Em Londres, os caminhos para combater o tráfico de fauna estão postos

O governo britânico realizou nos dias 12 e 13 de fevereiro, na Sociedade Zoológica de Londres, em um encontro com representantes de cerca de 40 países sobre como combater o comércio ilegal de animais selvagens. Autoridades ambientalistas, ONGs e especialistas dos Estados Unidos, China e de diversos países europeus e africanos estiveram presentes. A matança desenfreada de elefantes (pelo marfim), rinocerontes (pelo chifre) e tigres (pela pele e ossos) chamou a atenção dos governantes das nações mais desenvolvidas do mundo por dois motivos: a conservação da biodiversidade e, principalmente, o dinheiro envolvido no tráfico de fauna está financiando grupos terroristas que atacam essas nações ocidentais e guerras civis em nações africanas.

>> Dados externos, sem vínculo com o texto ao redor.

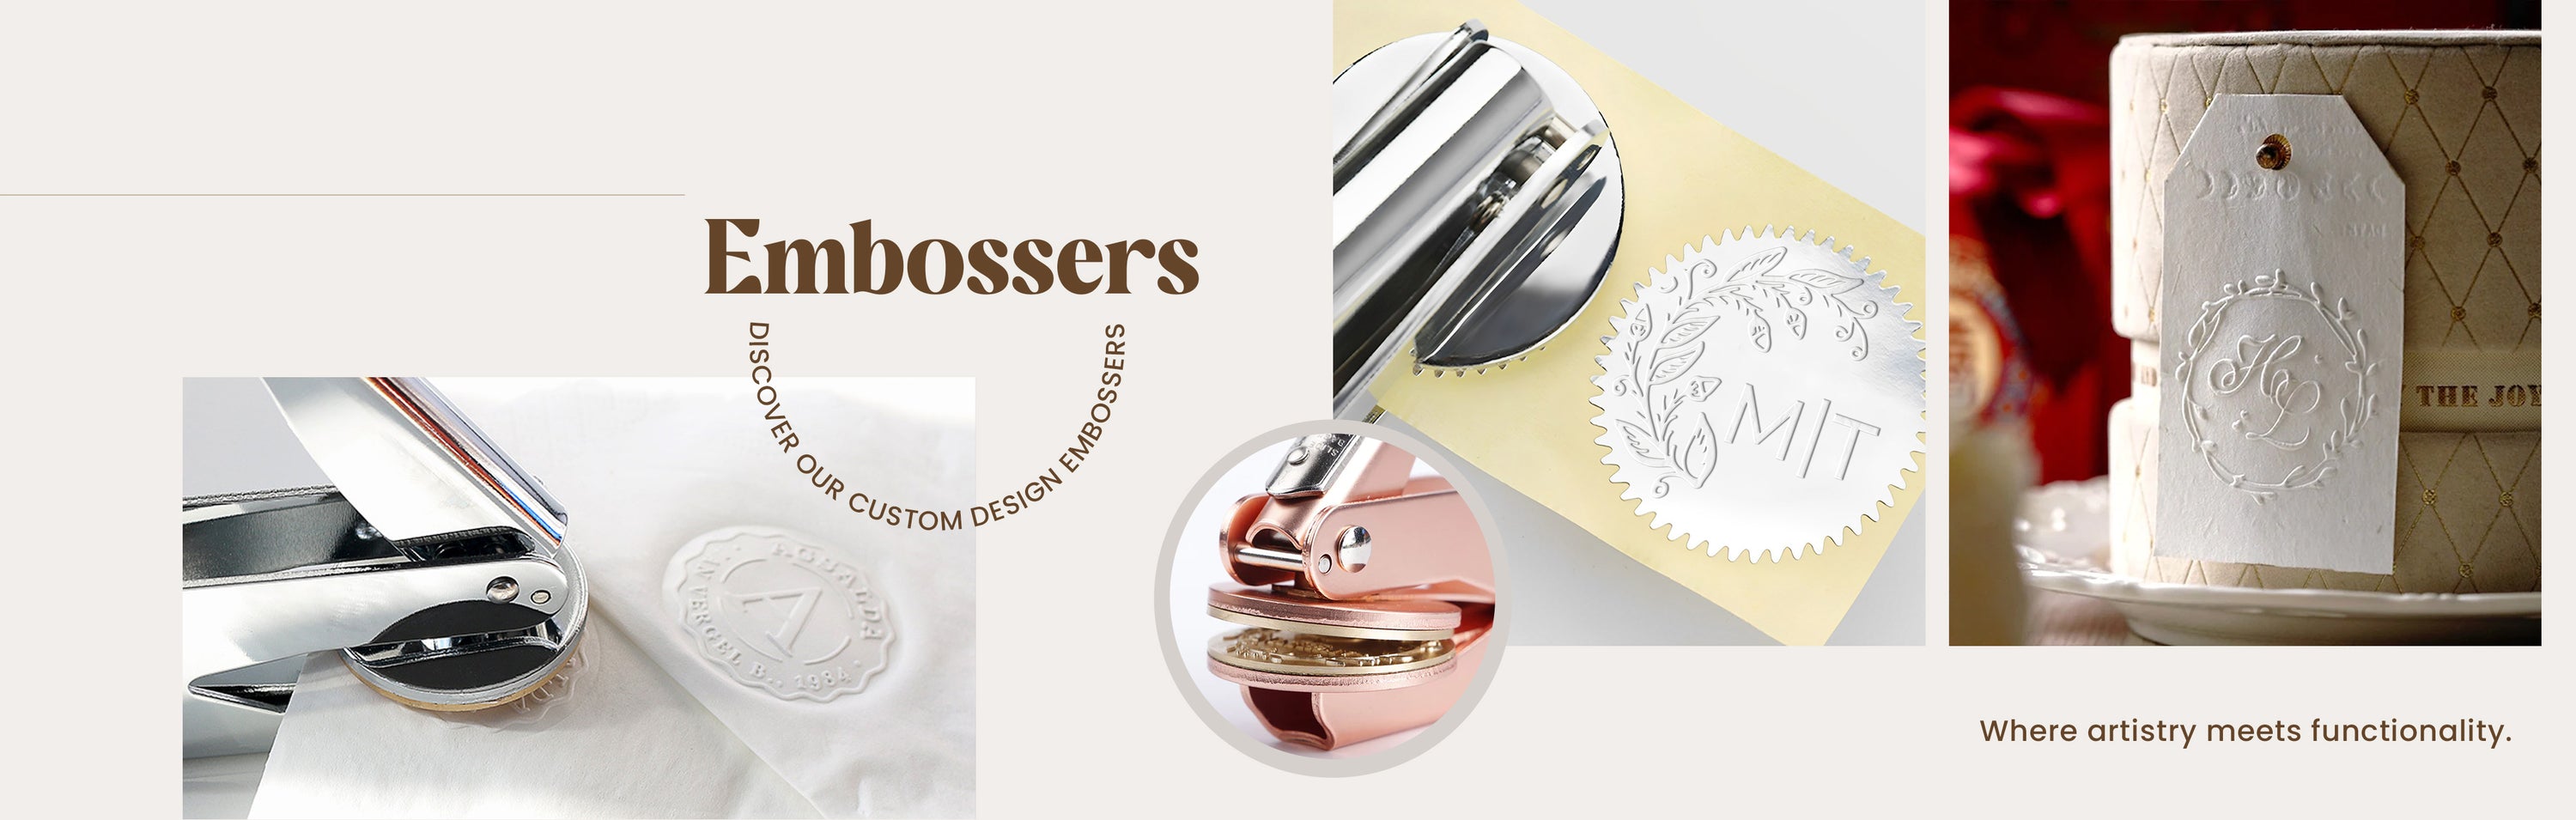 Custom Embossers - Imprint your unique style with our exclusive Custom Design Embossers. Elevate your documents and stationery to unparalleled heights with personalized artwork.

Elefante com a cabeça destroçada para a retirada do marfim
Foto: Martin Harvey/WWF

Outro aspecto que também chama a atenção no mercado negro de silvestres é o envolvimento de quadrilhas que antes atuavam no tráfico de drogas, armas e seres humanos.

“Segundo Stewart (Davyth Stewart, oficial da Interpol), muitos criminosos veem esse setor como sendo de poucos riscos e altos lucros.

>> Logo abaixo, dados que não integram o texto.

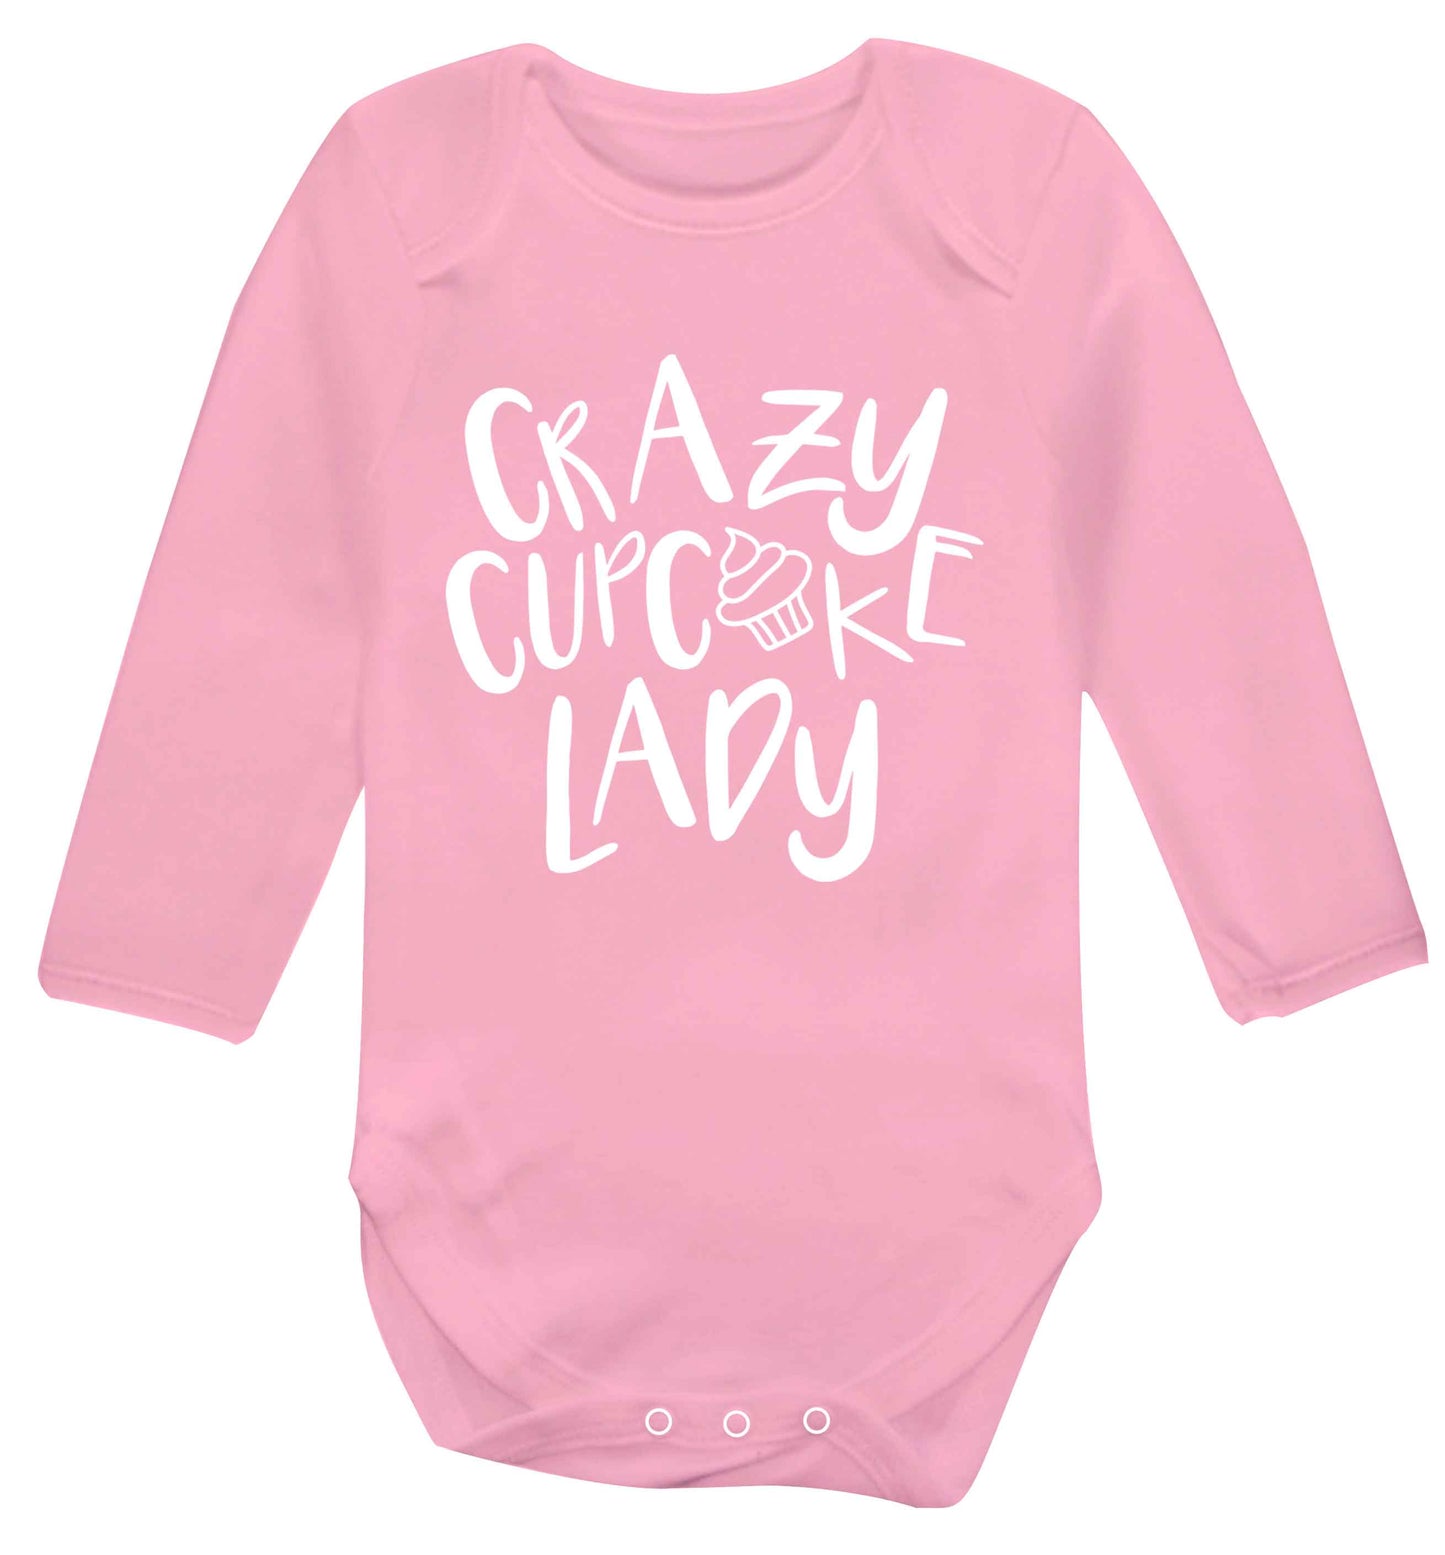 Crazy cupcake lady Baby Vest long sleeved pale pink 6-12 months

"O risco de apreensão é baixo - é uma pena, mas as forças de segurança não investem em combate a crimes ambientais os mesmos recursos que investem (no combate a) outros crimes", afirmou.

"Mesmo na Justiça, as penas são muito menores. No ano passado, na Irlanda, vimos duas pessoas sendo presas por contrabandear chifres de rinocerontes que valiam meio milhão de euros. E elas foram multadas em apenas 500 euros."

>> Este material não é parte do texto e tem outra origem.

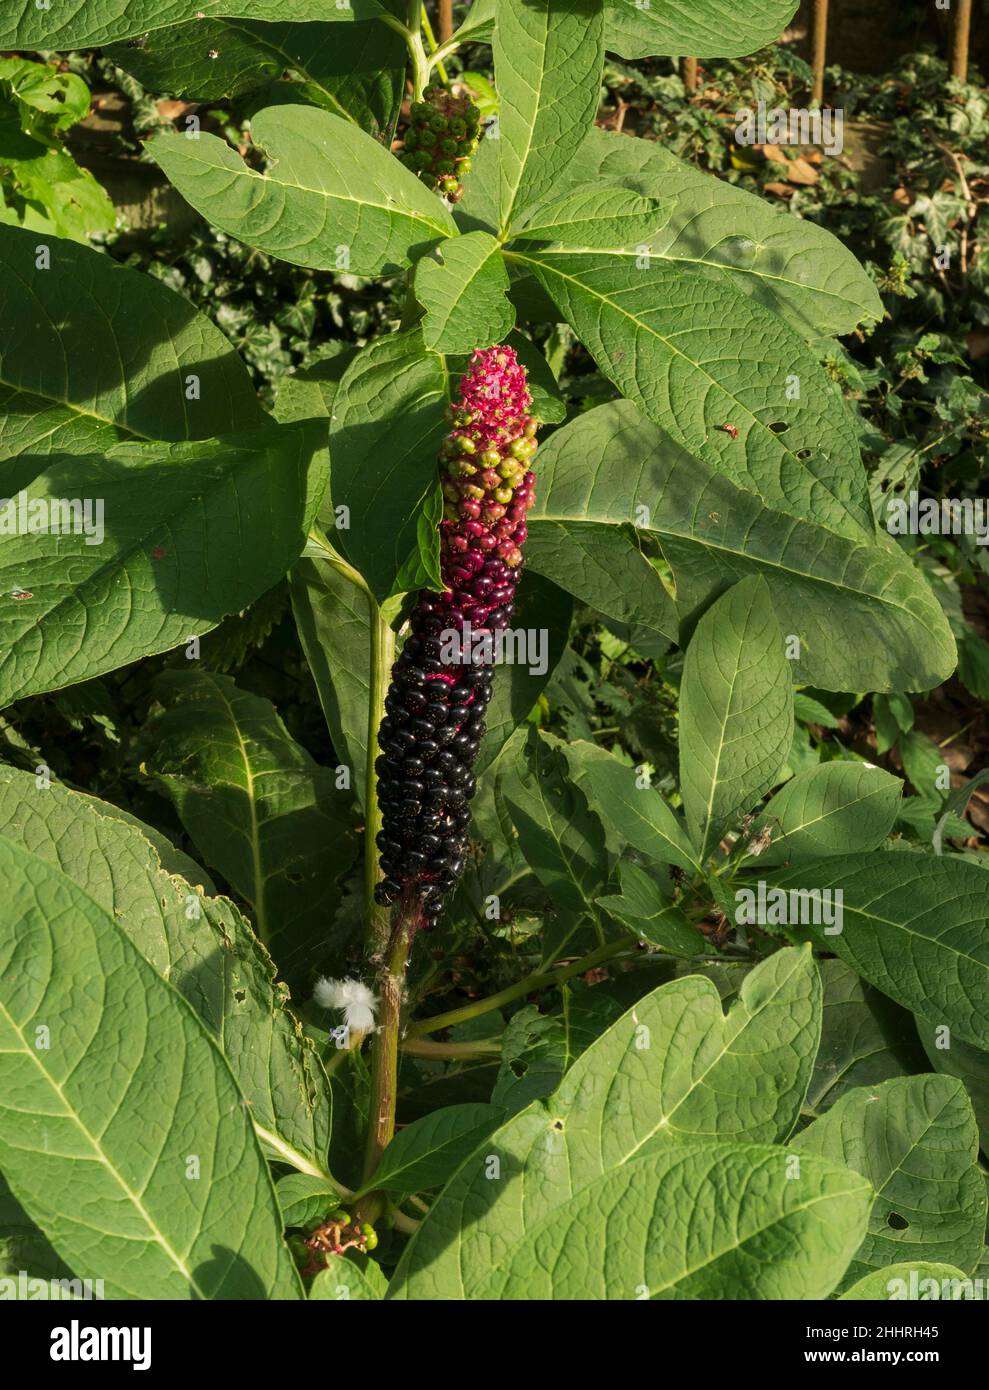 Phytolacca acinosa, Indian pokeweed - a plant native to the Himalayas found in Europan gardens. All parts are poisonous or narcotic. Stock Photo

Para John Cellar, ex-chefe de segurança da Convenção de Comércio Internacional de Espécies Ameaçadas (Cites, em inglês), o esforço de ambientalistas deve mudar seu foco: do atual, mais voltado à conservação, para a questão da criminalidade.

Ele afirmou, também, que as mesmas táticas usadas para combater o tráfico de drogas e armas podem ser aplicadas no controle do tráfico de animais.

"Mas as pessoas (responsáveis por isso) não estão na sala (debatendo o tema) - os juízes, os agentes de alfândega, a polícia."
– texto da matéria “Vida selvagem é alvo crescente do crime organizado, alerta Interpol”, publicada em 12 de fevereiro de 2014 pelo site da BBC Brasil.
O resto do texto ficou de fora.